NES_integrated = pyviper.pp.stouffer(ProtAct_NaRnEA, "leiden", filter_by_feature_groups=["tfs","cotfs"], compute_pvals=False, return_as_df=True) # Stouffer integration
NES_integrated

	AATF	ABCG1	ABCG4	ABLIM3	ABT1	ACAD8	ACTN2	ACTR5	ADH1A	ADNP	...	ZSWIM1	ZSWIM3	ZSWIM4	ZSWIM5	ZSWIM6	ZSWIM7	ZXDA	ZXDB	ZXDC	ZZEF1
0_scores	67.525573	115.613861	27.080476	-28.436313	-132.404139	-33.429712	-13.909552	-47.931126	4.051971	-29.487164	...	-11.106391	-22.387029	62.365929	20.721141	-66.658539	-30.107811	-11.112864	1.628075	-26.403334	-22.699427
1_scores	-91.800207	-142.827803	-17.348848	-18.037332	25.121737	36.583034	-0.532866	-34.507518	11.575850	-161.079785	...	30.393149	26.228487	-35.711558	10.563270	-54.133110	71.437503	22.445477	-9.705253	22.332898	26.533621
2_scores	155.866707	112.772956	-28.882646	-12.207053	269.112806	34.378121	-17.958921	-0.020872	11.181962	-156.887473	...	20.037990	-30.555842	-4.616144	-4.629360	-77.501573	52.334168	3.893929	-28.350717	23.055552	-45.316784
3_scores	60.353173	-7.015611	-18.430420	-13.188699	45.879802	13.423553	-6.909312	-5.033798	4.884707	-35.414756	...	14.532806	-0.763232	6.192970	5.708014	-6.913988	41.258296	15.351770	-15.435729	22.549805	-13.521504

4 rows × 2164 columns

Analogously, the stouffer function can be employed to produce an output directly on the AnnData object. Remove ribosomal proteins from the Stouffer-integrated matrix (ribosomal protein genes are among the most highly expressed genes in most cell types).

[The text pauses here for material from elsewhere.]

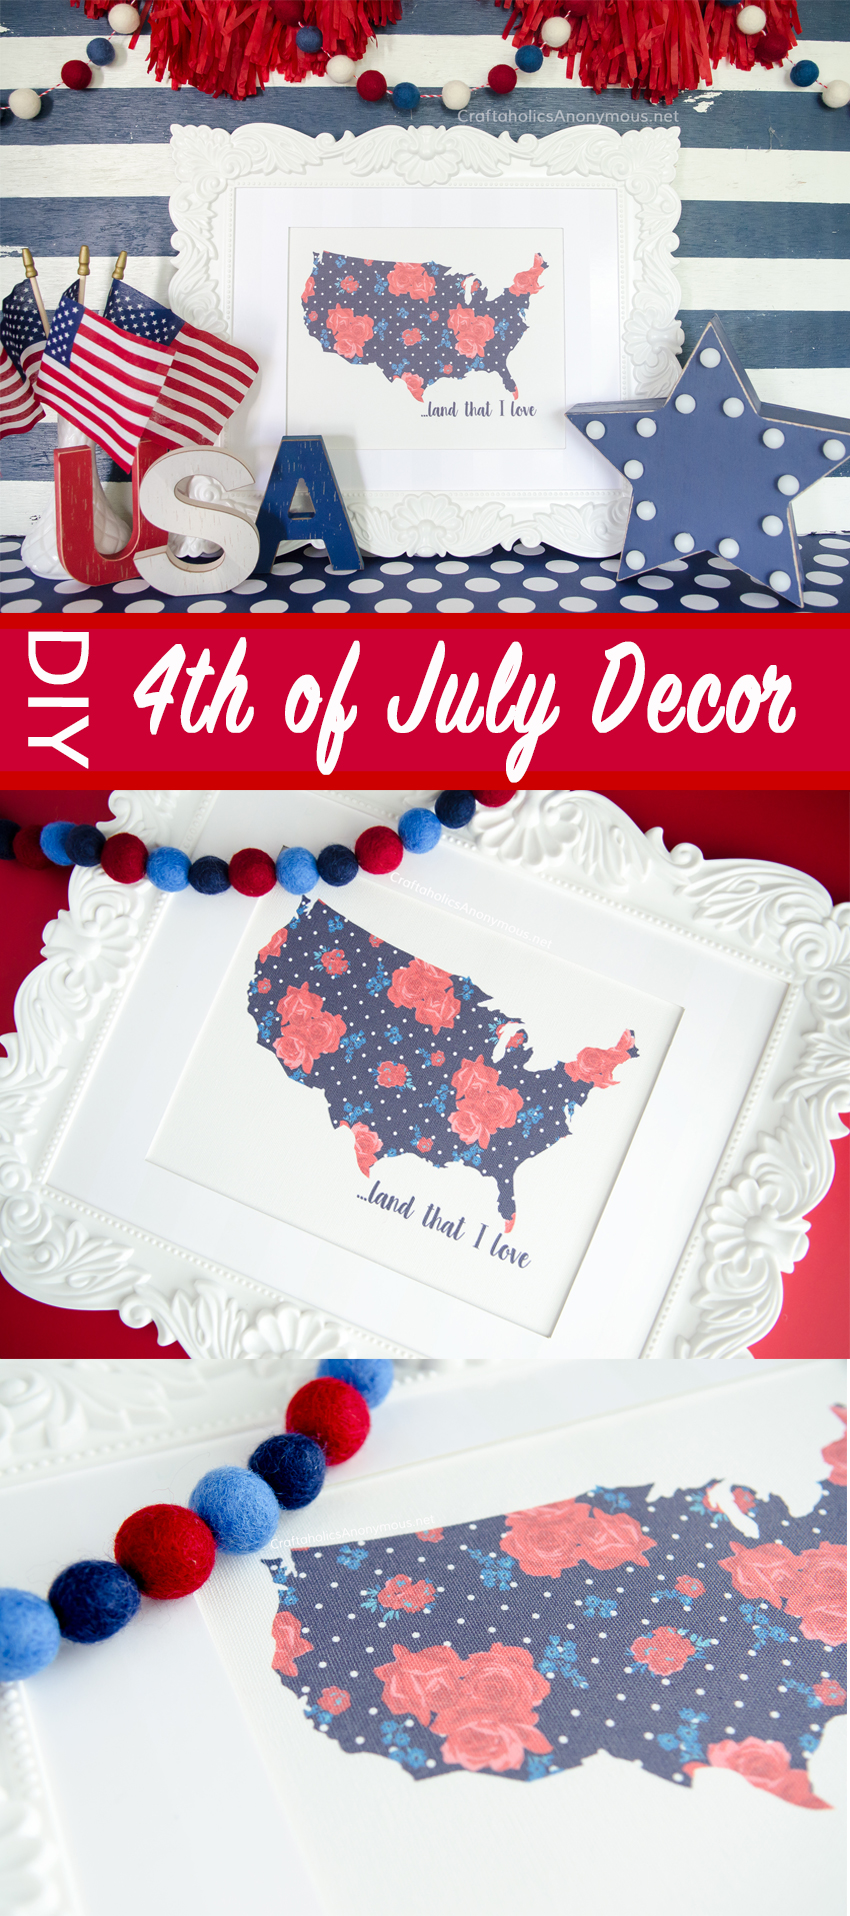 4th of July Decor DIY and crafts

filtered_proteins = NES_integrated.columns[~NES_integrated.columns.str.startswith('RP')].to_list() # Exclude columns starting with 'RP' from integrated matrix
NES_integrated = NES_integrated.loc[:,filtered_proteins] # remove ribosomal proteins from DataFrame

Select the 10 most activated regulatory protein in each cluster.

active_proteins = NES_integrated.apply(lambda row: row.nlargest(10).index.tolist(), axis=1)  # the top 10 most activated proteins in each cell type
active_proteins

0_scores    [INHBA, MMP14, ID3, LOXL2, HOPX, RUNX2, LEF1, ...
1_scores    [TSHZ2, NFIA, NFIB, ZBTB16, TCF21, NR2F1, ZFP3...
2_scores    [ENO1, NACA, PFDN5, LOXL2, BTF3, HMGA1, CCDC85...
3_scores    [FOSB, NR4A1, ELL2, ID4, REL, JUND, NR4A2, NR4...
dtype: object

Finally, display the top activated proteins from ProtAct_NaRnEA on a heatmap

protein_set = active_proteins.sum() # protein set to display on the heatmap
ax = pyviper.pl.heatmap(ProtAct_NaRnEA, var_names=protein_set, groupby="leiden", vcenter=0, cmap="RdBu_r",dendrogram=False,swap_axes=True, show_gene_labels=True)

Key takeaways

This Tutorial describes how to inspect and process gene regulatory networks, by manipulating objects of class Interactome, and shows how to generate protein activity profiles from single-cell data using the viper function. Last, we presented key functions for the post-processing and visualization of protein activity data. In Tutorial 2 we will introduce the user to the generation of suitable gene expression signatures for viper and extend the VIPER analysis to simultaneously account for multiple cell pupulations through the exploitation of the metaVIPER paradigm.